Profitant de l’offensive militaro-diplomatique russe en Afrique, le Mali, d’abord, le Niger et le Burkina Faso, ensuite, ont choisi de couper les amarres avec Paris et de mener leur transition « démocratique » à leur propre rythme, c’est-à-dire, sans agendas précis mais, surtout, sans aucune contrainte.
La prévalence de l’impératif sécuritaire sur toutes autres considérations, telle cette exigence cynique de retour à un ordre « démocratique » qui n’a jamais existé, permet aux chefs d’État militaires de diriger sous le sceau d’un état d’exception qui ne dit pas son nom.
Après avoir promis d’enclencher, au bout de quelques mois, un processus de retour à la démocratie, les trois chefs d’Etat en transition semblent s’être entendus à faire de la navigation à vue le principe d’une gouvernance par défaut !
La question du temps des élections est liée à celle de la volonté de durer de chefs militaires.
La pression qu’exercent les pays occidentaux – et des oppositions désabusées – n’a plus d’effets sur des régimes militaires qui estiment tirer leur légitimité de peuples lassés par tant de promesses sans lendemains.
S’il ne faut compter que sur les mouvements populaires qui ont provoqué révoltes et révolutions dans certains pays d’Afrique (Tunisie, Libye, Burkina Faso, etc.), autant dire qu’Assimi Goita, Abdourrahmane Tiani et Ibrahima Traoré disposent d’atouts majeurs pour rester au pouvoir au moins dix ans !
Dans le contexte tendu de la crise politique au Mali, au Niger et au Burkina Faso, la situation sécuritaire sert de faire-valoir.

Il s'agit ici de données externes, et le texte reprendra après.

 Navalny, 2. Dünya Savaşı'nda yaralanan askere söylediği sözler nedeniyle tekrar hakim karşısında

Elle autorise les dirigeants de ces pays à agir « en situation ». Elle ajourne sans cesse un désir de démocratie dont les juntes disent qu’il vient après la sécurité et le développement !
Sous le diktat de Moscou
La détérioration des rapports entre la France et les 3 pays désormais ex-membres du G5 Sahel a coïncidé avec l’intrusion du groupe Wagner au Soudan et en Centrafrique.

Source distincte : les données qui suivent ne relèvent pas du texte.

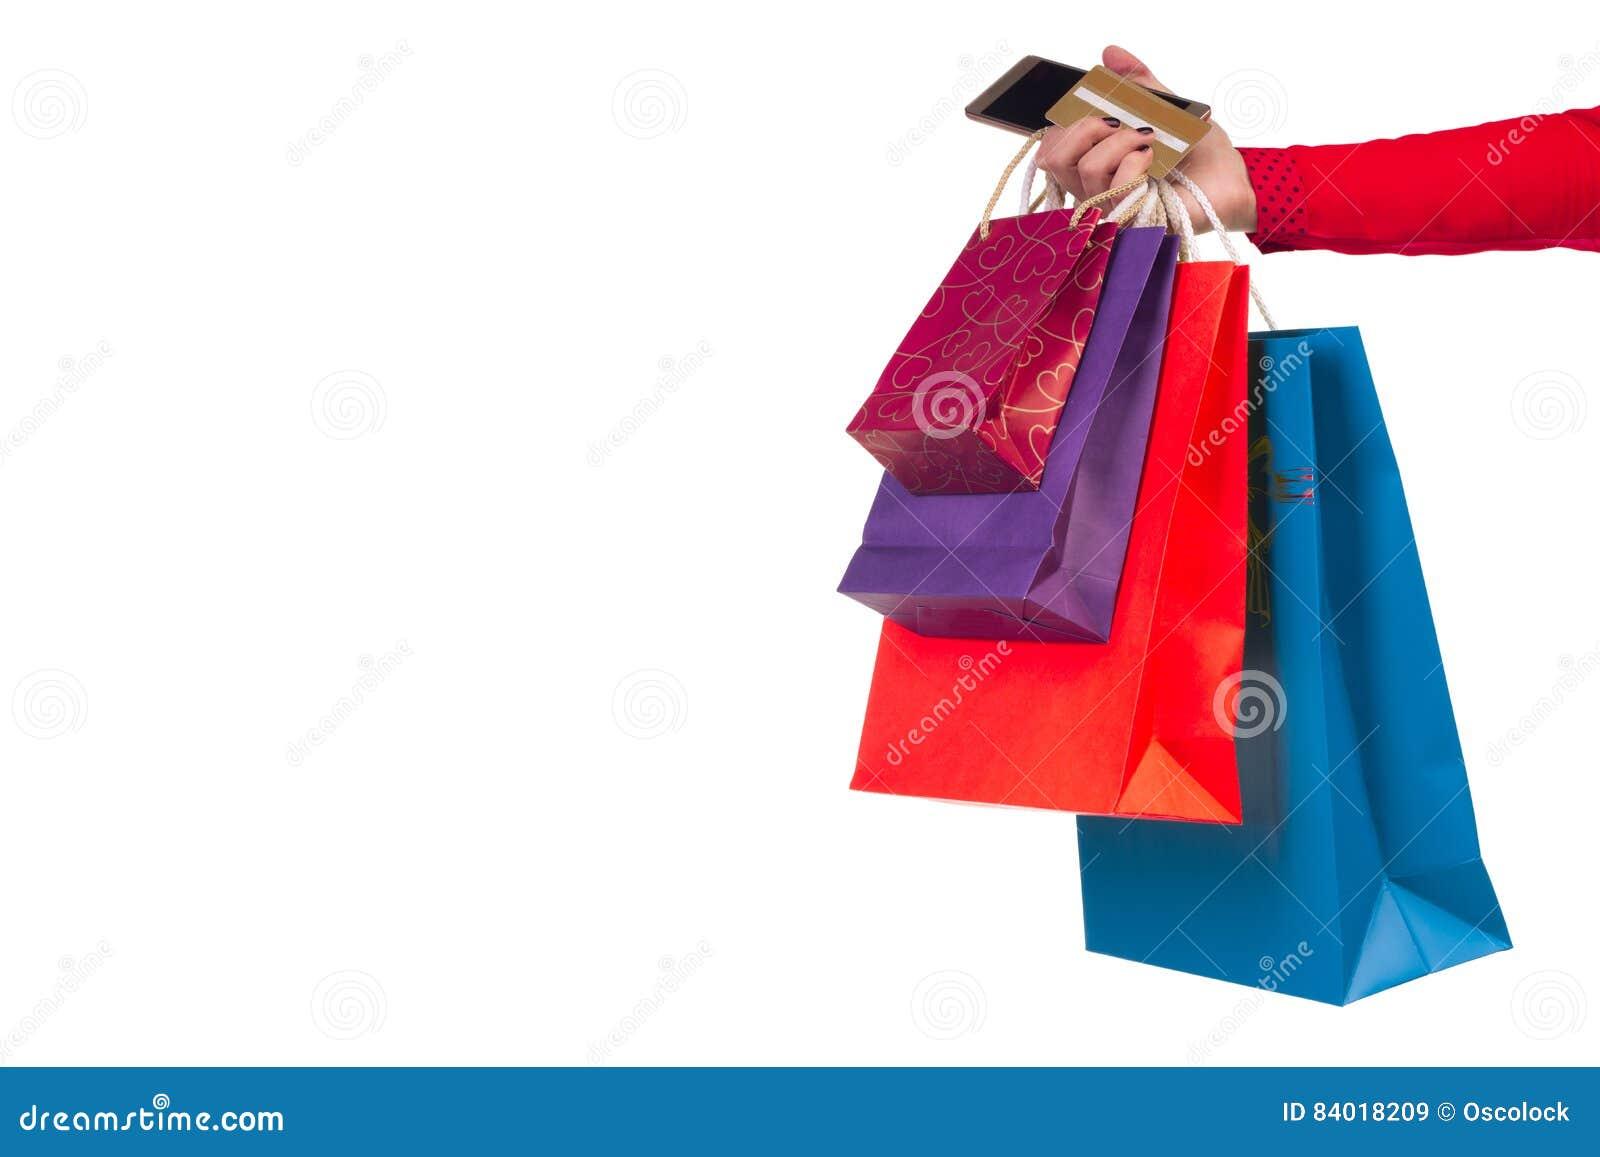 подать заявку на кредитную карту уралсиб через интернет

Devenu l’un des instruments majeurs de la diplomatie politico-militaire de la Russie en Afrique, ces paramilitaires ne cachant nullement leur vocation de mercenariat institutionnalisé, sont devenus les adversaires directs des troupes françaises et américaines envoyées par Paris et Washington comme éléments clés de leur dispositif de lutte antiterroriste.

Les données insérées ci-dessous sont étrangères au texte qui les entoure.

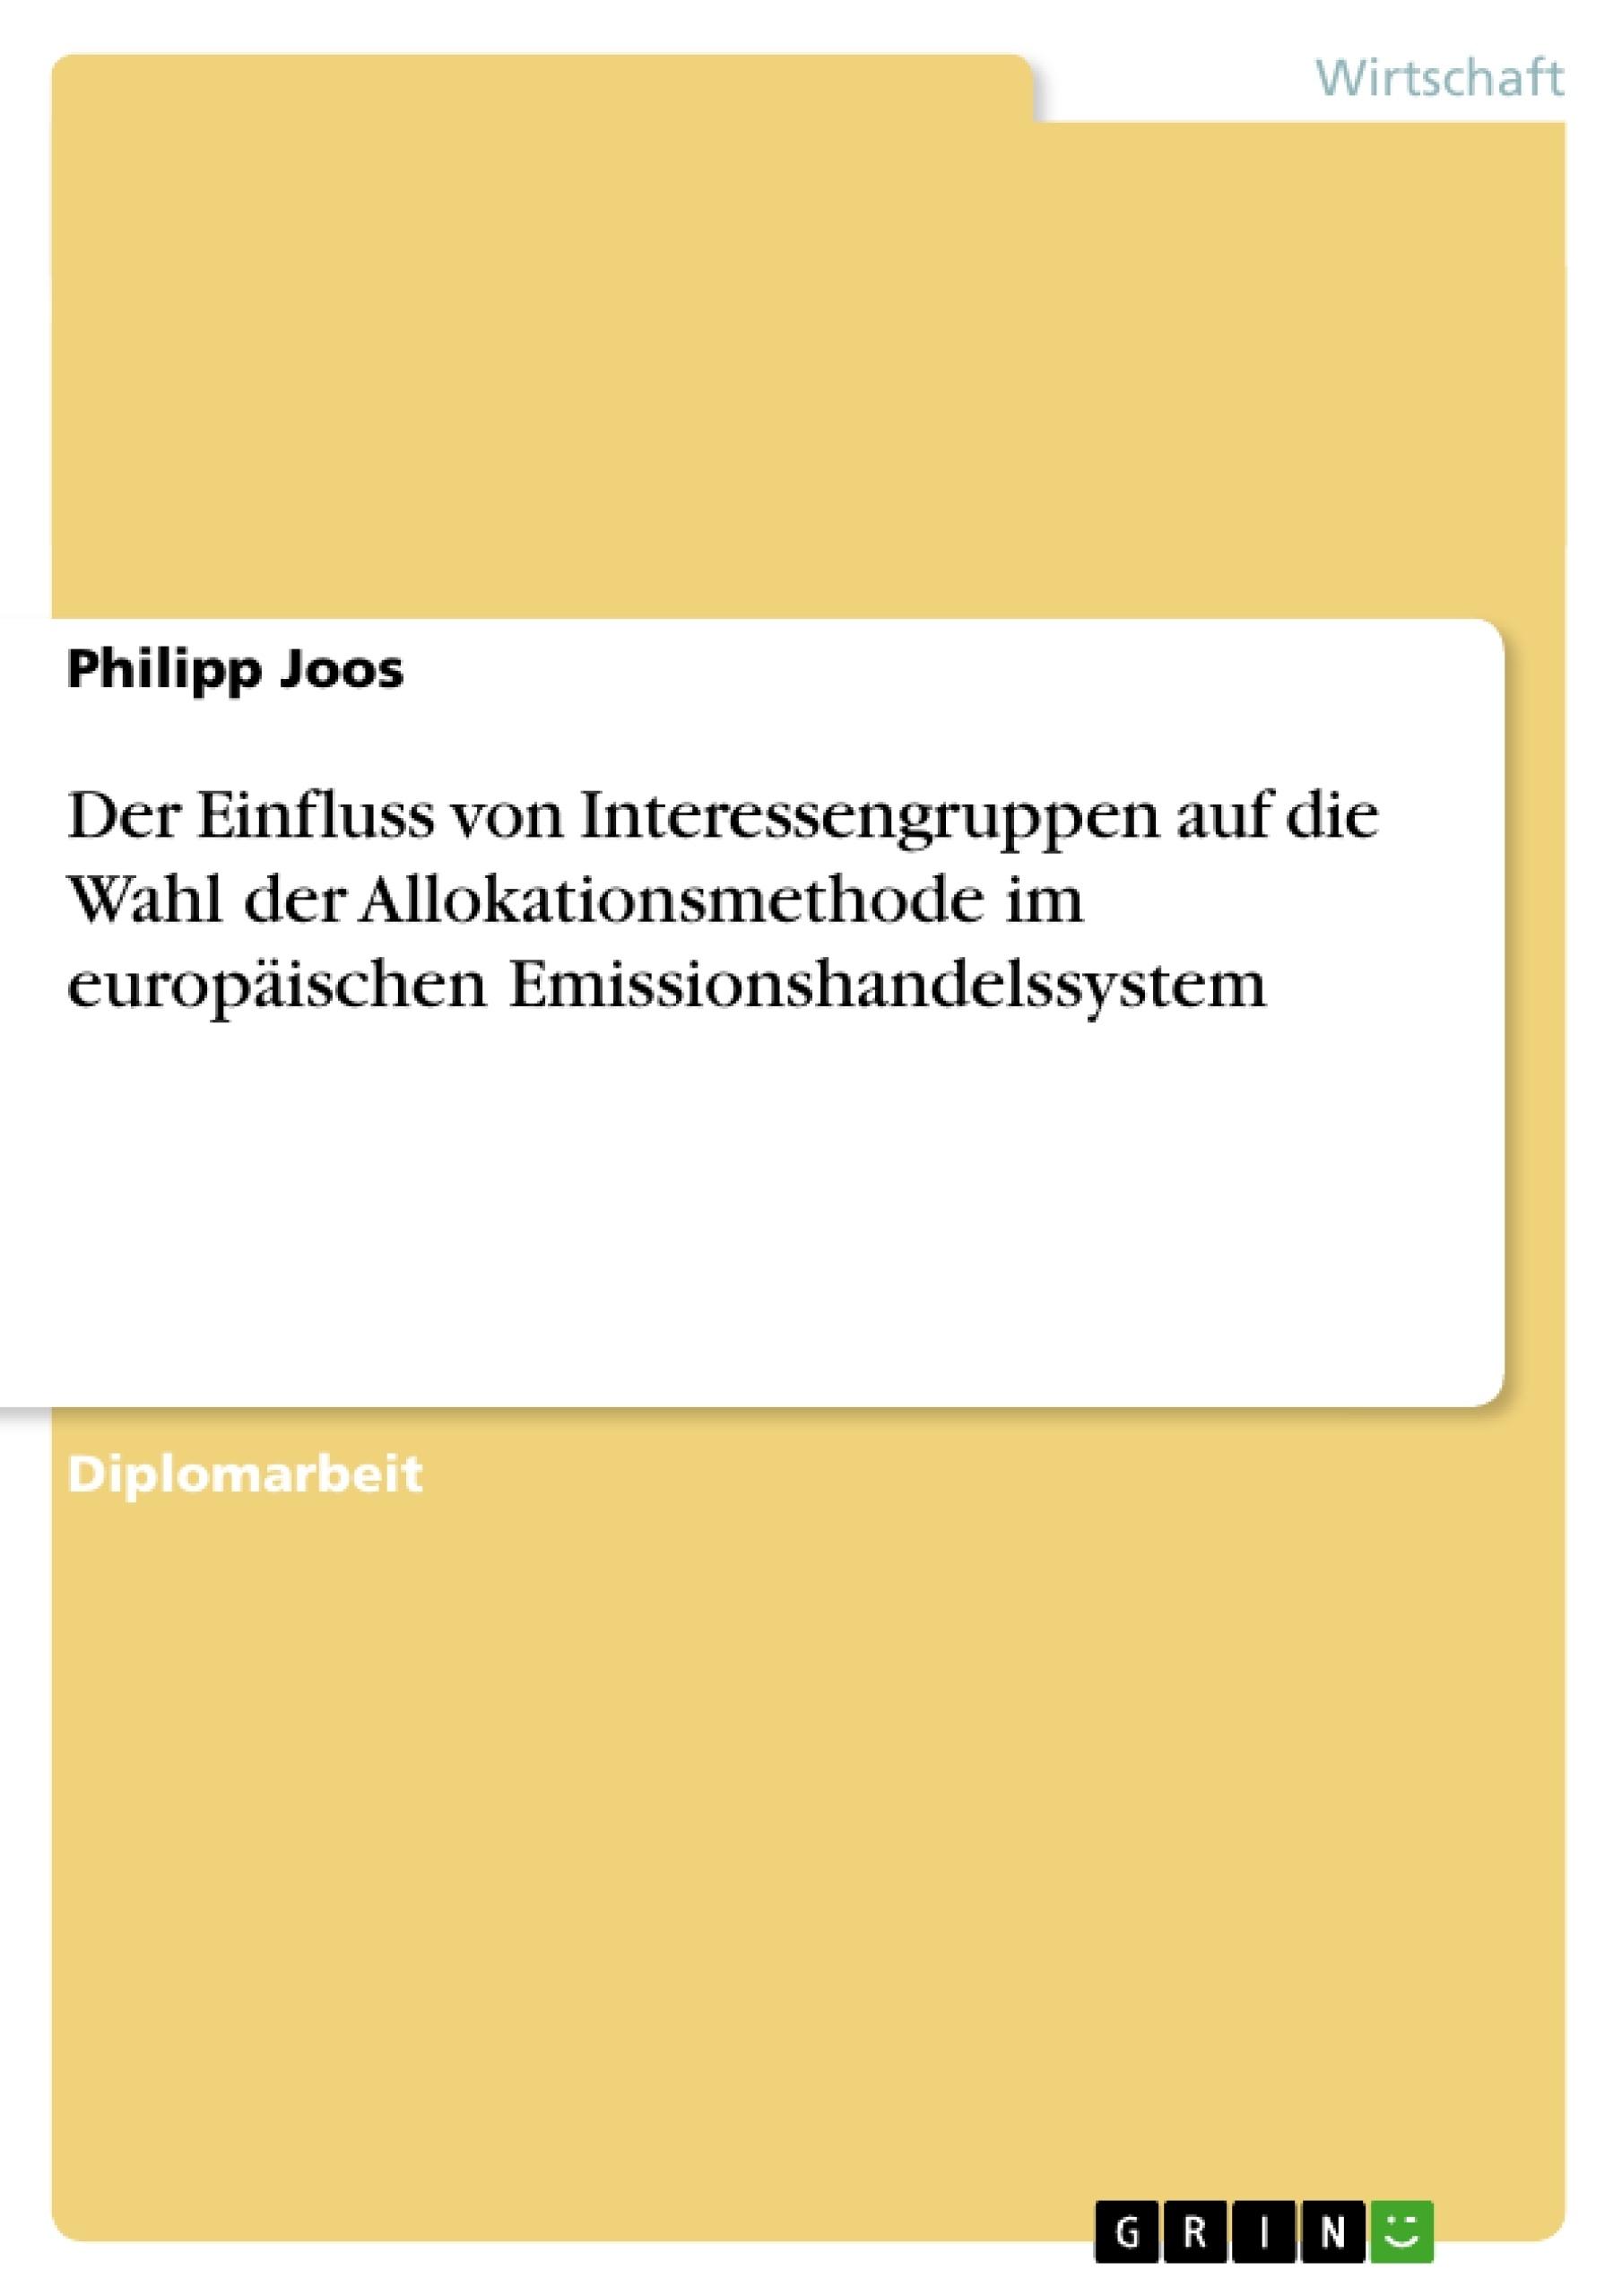 Titel: Der Einfluss von Interessengruppen auf die Wahl der Allokationsmethode im europäischen Emissionshandelssystem

Une compétition entre puissances du Nord (OTAN) et de l’Est qui n’est pas sans rappeler les temps forts de la guerre froide des années 50-60 du siècle dernier entre l’OTAN et le Pacte de Varsovie.
Alors, un G5 Sahel diminué de plus de la moitié de ses membres est une coalition dont l’existence tient à la volonté de la seule Mauritanie de maintenir l’architecture sécuritaire d’une alliance dans laquelle les partenaires ont investi fortement et se sont investis !
Le collège de guerre du G5 Sahel, pour la sécurité, et l’Alliance Sahel, pour les questions de développement, ne peuvent être passés en perte et (non) profits, alors que la tendance actuelle est au regroupement pour faire face à des défis de toutes sortes.
Certes, personne ne demande aux « trois mousquetaires » du Sahel (Goita, Traoré et Tiani) de renoncer à leurs nouvelles orientations pro-russes mais seulement de tenir pour vérité que les jeux d’intérêt stratégiques ne sont jamais innocents.
Changer de partenaire dans la lutte antiterroriste s’accompagne, aussi, de prébendes qui permettent au nouvel allié russe d’entretenir le groupe Wagner devenu l’instrument stratégique de sa confrontation politique, idéologique et militaire avec les Américains.
La question du choix du partenaire « stratégique », retournée dans tous les sens, ramène, toujours, à l’intérêt qu’ont ces pays à lâcher la France pour la Russie et les autres (Mauritanie, Tchad) à garder le cap d’un navire (G5 Sahel) qui tangue mais ne coule pas encore.